Posted
March 22, 2010

Save Your Town from the Robot Armies

Think twice before buying online rather than from your local store

A friend who owns an independent bookstore was recently telling me about a disturbing trend where people go into her store, browse titles, read a few pages, and then go order it from Amazon, all to save whatever you save by shopping on line.

I told her that I actually do the opposite. If I see a book that interests me, I read the customer reviews online, then I call my local store, Leopold’s, and order it. Yes, it’s slower, but I’m usually already in the middle of another book, so I have time. It costs more too but I actually like doing my part to help keep the lights on, maybe helping them enough so they can hire some nerdy kid who likes books.
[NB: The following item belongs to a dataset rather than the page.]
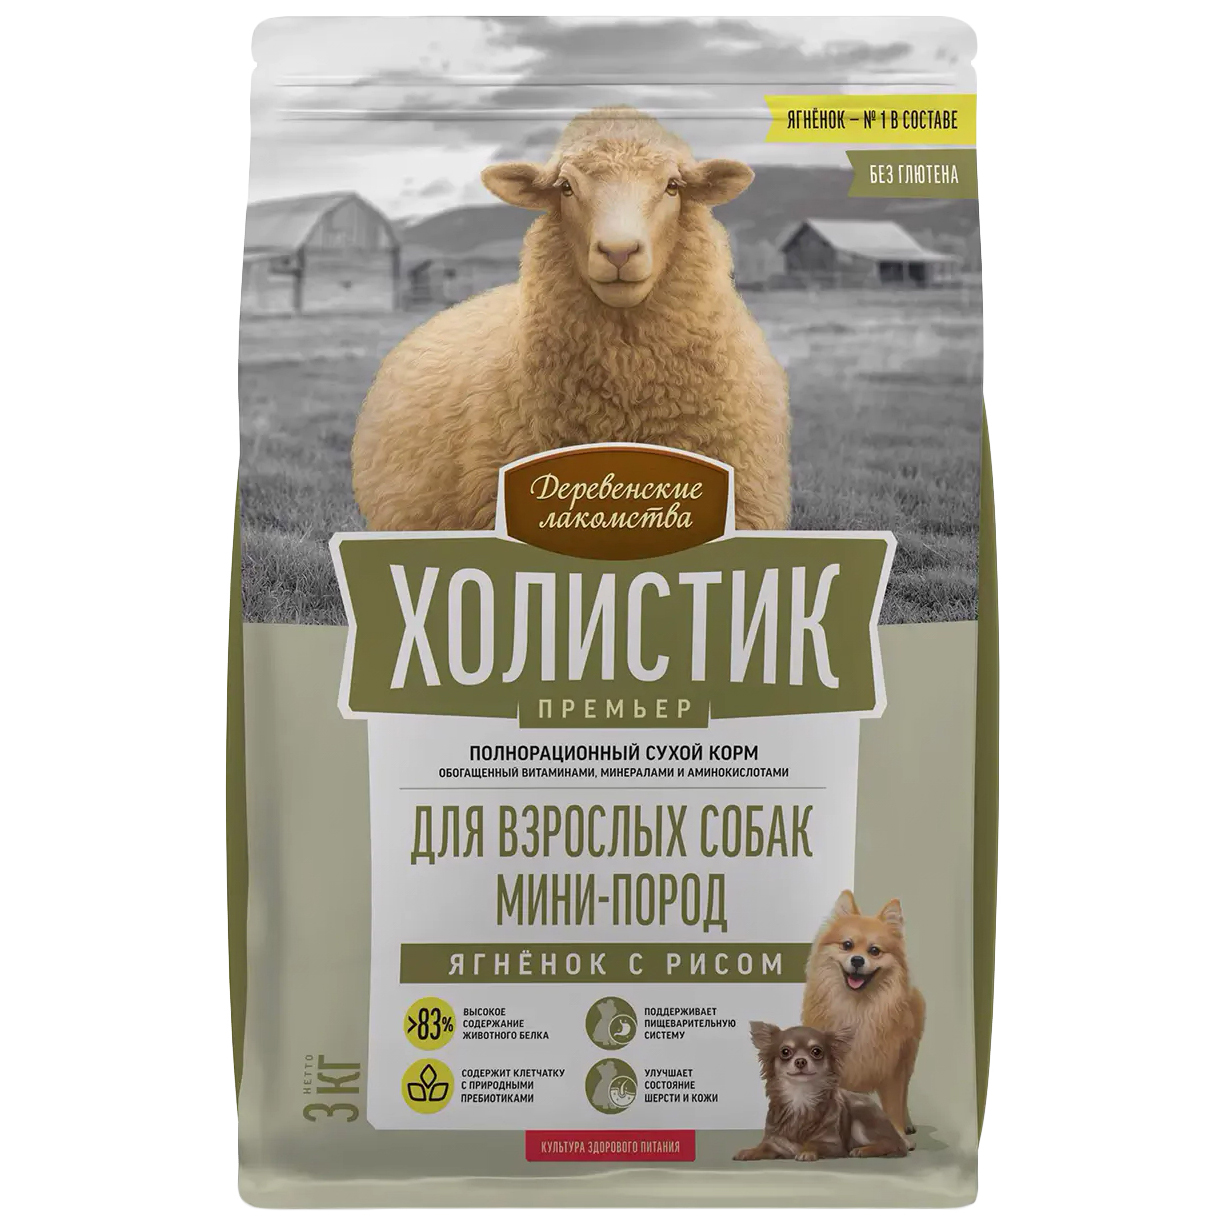 Сухой корм для собак Деревенские лакомства Холистик Премьер ягненок и рис 3 кг
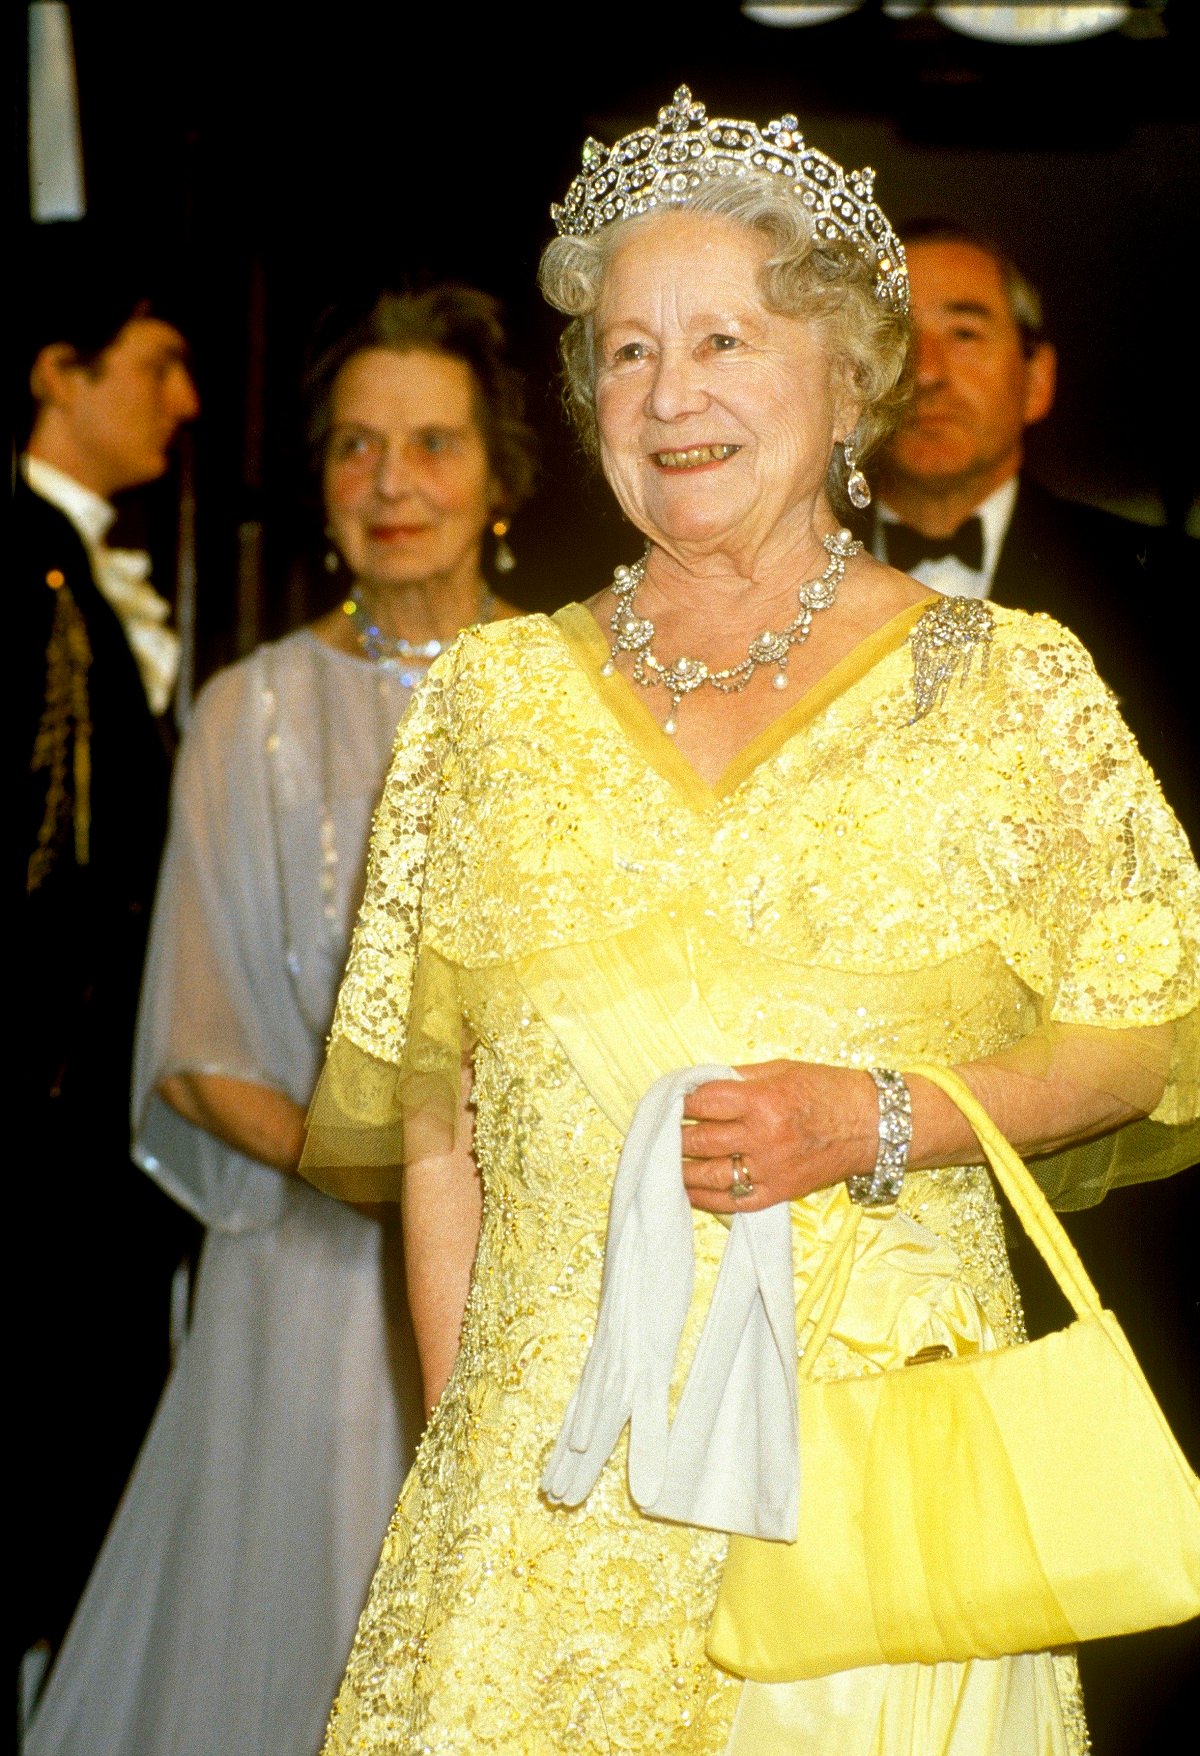 La Reina Madre asistiendo a una cena de recepción (alrededor de 1990)

You might think your town is different than mine. After all, I live in downtown Detroit and your community is doing so much better than that. Listen to those birds chirping! Look at that line at the coffee shop! It’s nothing like downtown Detroit where, as we all know, great economic changes have wrought a massive Godzilla-scale beat down. But if you think that can’t happen to you, lemme tell you, it can.

It has been, what, fifteen years since the internet started changing everything? And thanks to it we now have a lot of convenience (click!) and a lot of social networking (poke!) and a lot of information (forward!) yet instead of making us happier we are living in a woefully insecure society where very few models are actually sustainable.

Just to take one small example, I usually watch 30 Rock on Hulu, which isn’t generally considered to be anything near a viable business model. If I happen to be home, I watch 30 Rock on NBC, which is losing money faster than a spastic drunk at a casino. NBC was just bought by Comcast, the cable giant whose entire mega-profitable empire, I just learned from The Atlantic, is seriously threatened by things like, oh, Hulu.

The only ones who are winning right now are the robots. The almost completely computerized and automated iTunes, Netflix and Amazon are all making serious bank. And I can get 30 Rock episodes from each of them. But I can’t get it at my video store anymore because my video store is closed. Which is kind of my point. I liked those guys. Sure, one of them was a little creepy, but at least he had a job. I mean, where do the creepy guys go when they lose their jobs? What do they do? Do I want to know? (No, I don’t want to know. Let’s just give him a job.)

Every holiday season more and more people do all their shopping online, forcing more local stores out of business and local unemployment goes up and then, lo and behold, next Christmas nobody has as much money. The whole thing is either a reverse engineered ponzi scheme or a losing game of three-card monte or it’s just the end of Reservoir Dogs where they all shoot one another dead.

So can we maybe just slow it down a little? As spring arrives and we embrace the slow food movement and plant our gardens and tend to our bees, I would also like to propose we think about slow shopping too. Walk into a store and browse. It will take more time, but by making it a bit more difficult you’ll actually wind up spending less money, thusly saving more than you would have if you had shopped on-line.

I’m not saying the Internet is evil, far from it, it’s a wonderful, wonderful thing (Hi Arianna!) and if you need a book fast then, sure, by all means, go buy it on-line at bn.com. But if there’s a place near you where you can go support your community, then stop on by there instead. Make the effort. Yes, you might pay more, but a lot of the extra money you’re paying in local taxes goes to filling in your potholes and paying for someone to watch your kids cross the street. Businesses survive on wafer thin margins, one more customer going and shopping at a store can actually make a big difference.

Seriously, you might feel savvy buying those shoes from Zapatos but in the long run you’re really not. The phrase “free shipping” is really just like crack cocaine, it’s cheap, it’s addictive and, in the end, it will cause the same horrible destruction in your community.

If you really want to know what is going to happen if you keep sending your money to support those distant acres of automated warehouses, come visit Detroit and take a look around. You’ll see parts of town that look exactly like that burned out futuristic landscape from The Terminator. You know, that’s the movie where the robots won.